MaxLinear (MXL) to Acquire Physpeed in $11M Deal

October 6, 2014 6:39 AM EDT

MaxLinear (NYSE: MXL) announced that it has signed a definitive agreement to acquire Physpeed Co., Ltd., a privately held developer of high-speed physical layer interconnect products addressing enterprise and telecommunications infrastructure market applications.

Headquartered in Camarillo, Calif., Physpeed develops a range of advanced technology solutions including optical physical medium devices (PMDs) and clock data recovery (CDR) devices at line-rate speeds ranging from 10Gbps to 100Gbps today, and 400Gbps in the future.

The acquisition of Physpeed significantly accelerates MaxLinear’s total addressable market expansion efforts into infrastructure for data center, as well as metro and long-haul telecommunications operators. Consistent with third party market research, MaxLinear estimates the total available market for 40G and 100G optical integrated circuits to be approximately $500 million in 2014, with a growth opportunity resulting in a market size in excess of $1.5 billion over the next four years.

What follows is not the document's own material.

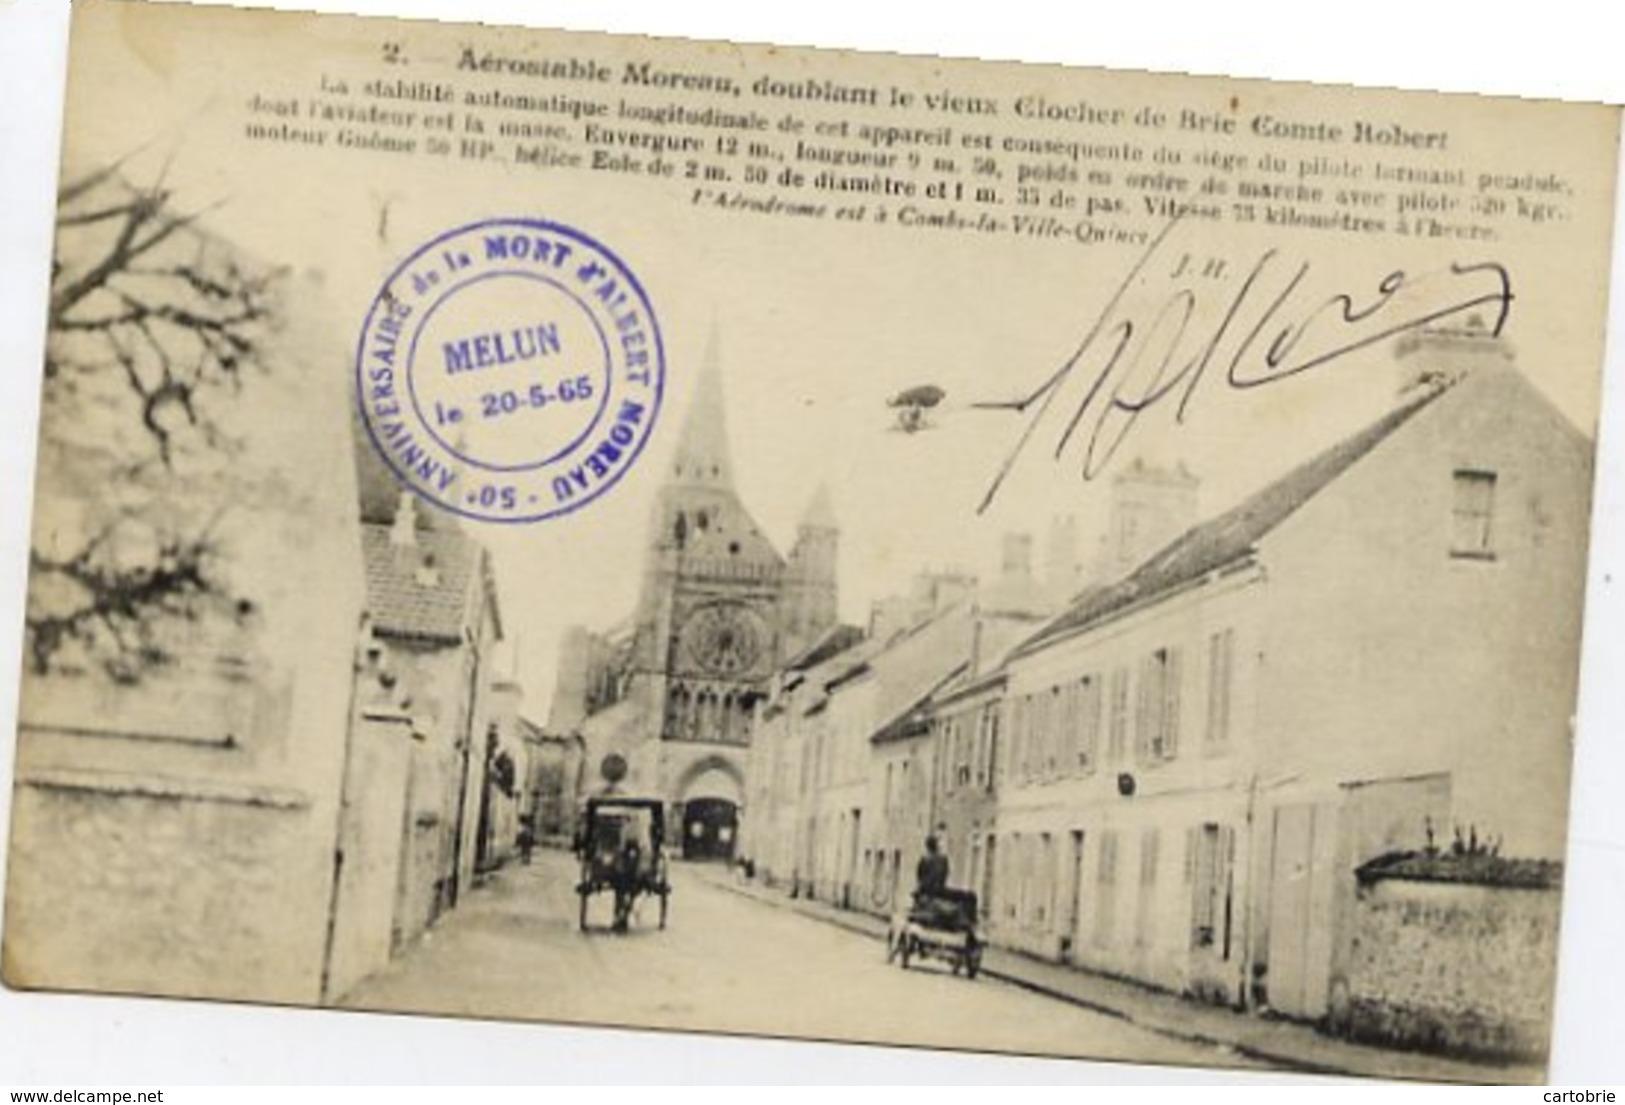 77 Aérostable Moreau, Doublant Le Vieux Clocher BRIE-COMTE-ROBERT - Cachet Anniversaire Mort Albert MOREAU - Aéro-Stable - Brie Comte Robert

“Physpeed’s expertise in high-speed analog design, combined with MaxLinear’s proven low-power digital CMOS mixed signal-integration and DSP capabilities, will bring to market solutions that will uniquely enable the explosive data traffic growth generated from smartphones and tablets, and over-the-top (OTT) streaming video, in addition to cloud computing and data analytics in hyper-scale data centers,” said Dr. Kishore Seendripu, CEO of MaxLinear.

“We believe that the unique engineering capabilities which enabled MaxLinear to pioneer Full-Spectrum Capture (FSC™) technologies in cable and satellite broadband communications markets, ideally position us to develop world-class high speed physical layer interconnect devices which will drive the migration of data center and telecommunication markets from 100Gbps to 400Gbps links,” he said.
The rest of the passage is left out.